Our Lost Appreciation of the Communitarian Ethos

In the last post, I gave a historical overview of America’s path from the self-centered sentiment of the Gilded Age to the egalitarian and socio-centric sentiment and activism of the Progressive Era all the way to the 1970s and then the slide to a “me-first” attitude under the wave of individualism that has prevailed in the last 40 years.

Striking the right balance between the interests of the individual and those of the community has always been one of the greatest challenges of human societies.  Individualism ensures basic personal freedoms that enable each person to pursue self-actualization and preserve self-dignity.  Dedication to a communitarian ideal ensures the preservation of the social norms and institutions that enable individuals to thrive within a system of shared values, reciprocity and pooled resources.  It is ultimately about the balance between rights and responsibilities.

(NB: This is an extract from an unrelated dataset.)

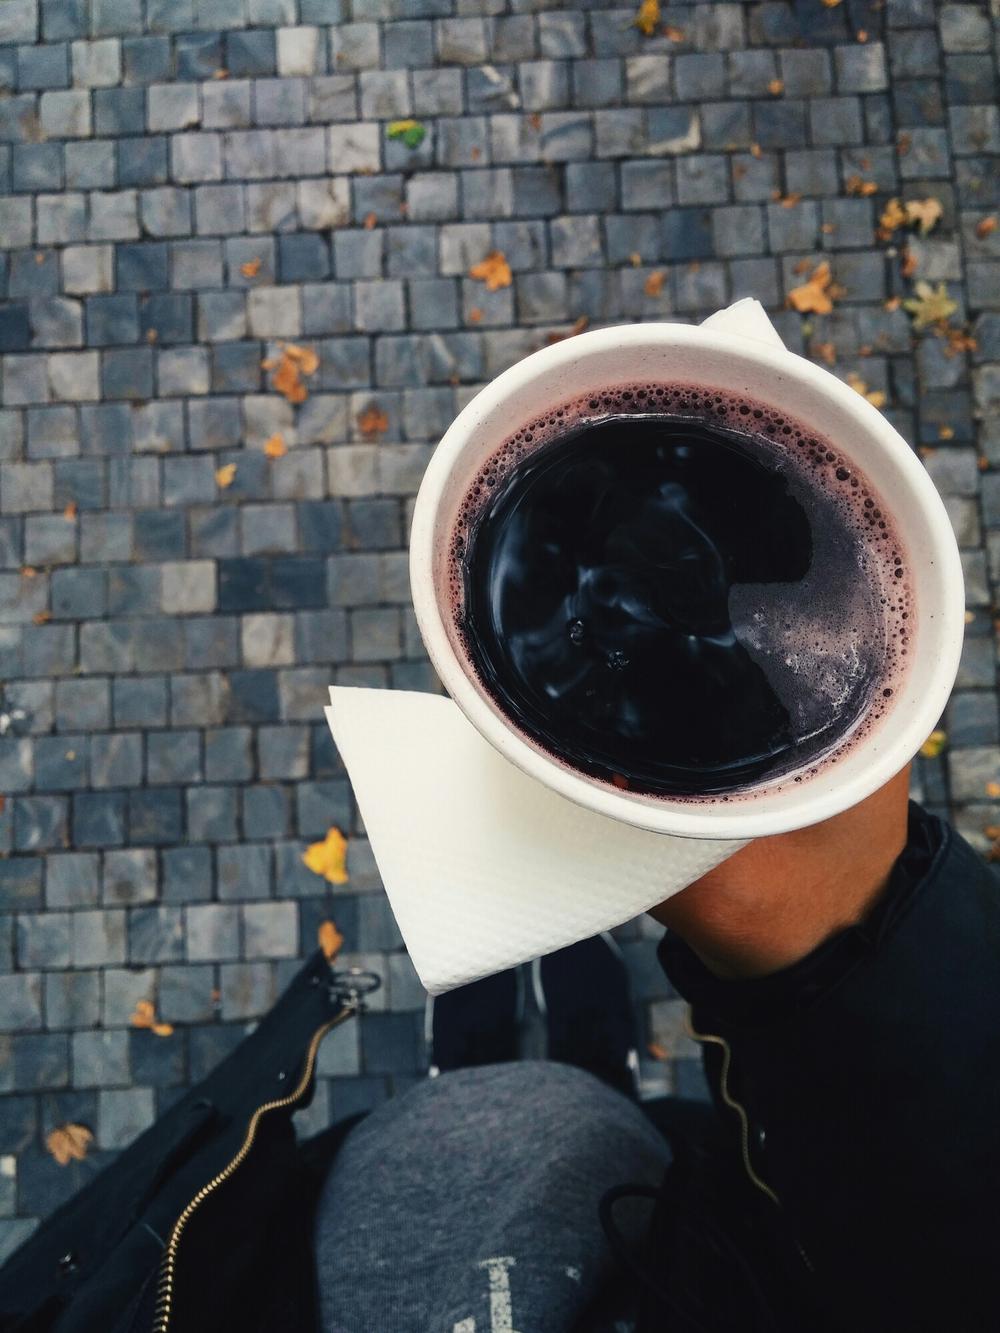 {Hot wine. Definitely not my thing.}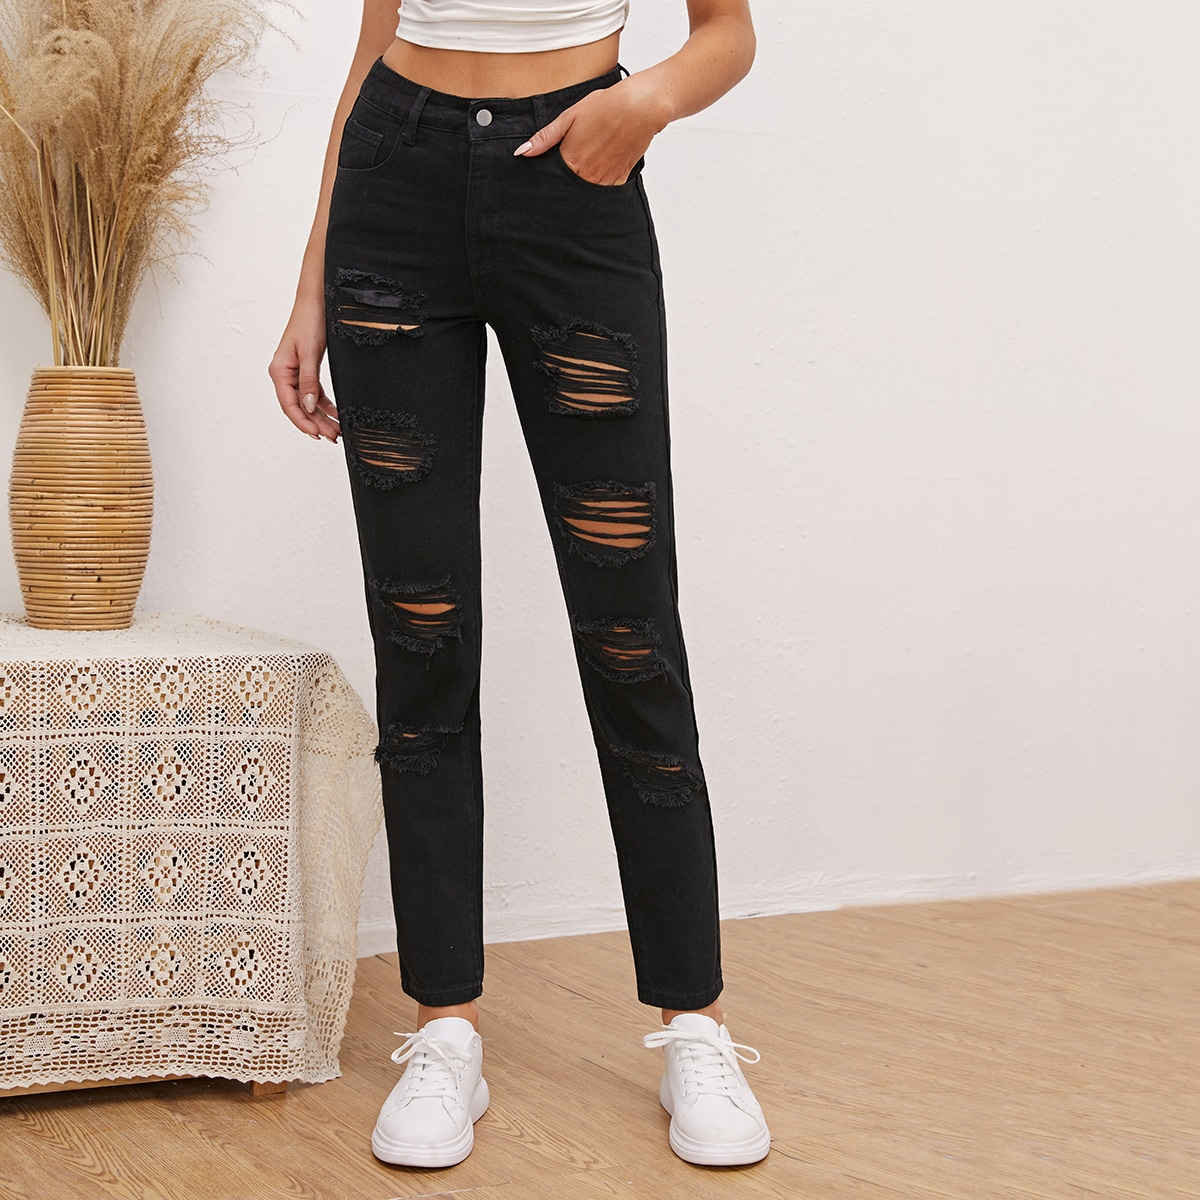 Рваные короткие джинсы с высокой талией

When the French diplomat Alexis Tocqueville traveled through America in the first half of the 19th century, he noticed that Americans exercised rugged and resourceful individualism that, at the same time, was mindful of what was good for their communities.  He called that ethos “individualism rightly understood.”  After the excesses of the Gilded Age had shuttered this compact, the Progressive Teddy Roosevelt proclaimed “We grudge no man a fortune in civil life if it is honorably obtained and well used.”  But “We should permit it to be gained only so long as the gaining represents benefit to the community.”

Today, we are hardly entitled to argue that we live up to Tocqueville’s description of Americans or Teddy Roosevelt’s admonition.  The living example of our failure to understand individualism the right way is the reckless refusal of large segments of Americans to take precautions (like wearing masks and socially distancing themselves) in the midst of a pandemic that rages uncontrollably because, to a great extent, of this attitude.  And we fail to see that the inordinate accumulation of wealth persists while millions of Americans go by with high rates of morbidity, subpar health insurance and care, uneven educational attainment, unfulfilling jobs, and the scourges of homelessness, drugs, opioids, and suicides.  

So how did we arrive at this disconnect between the interests of the individual and the interests of the community.  I would point my finger to a two-faced suspect.  The exultation of individual achievement along with a gradually diminishing awareness about the importance of the community and society at large.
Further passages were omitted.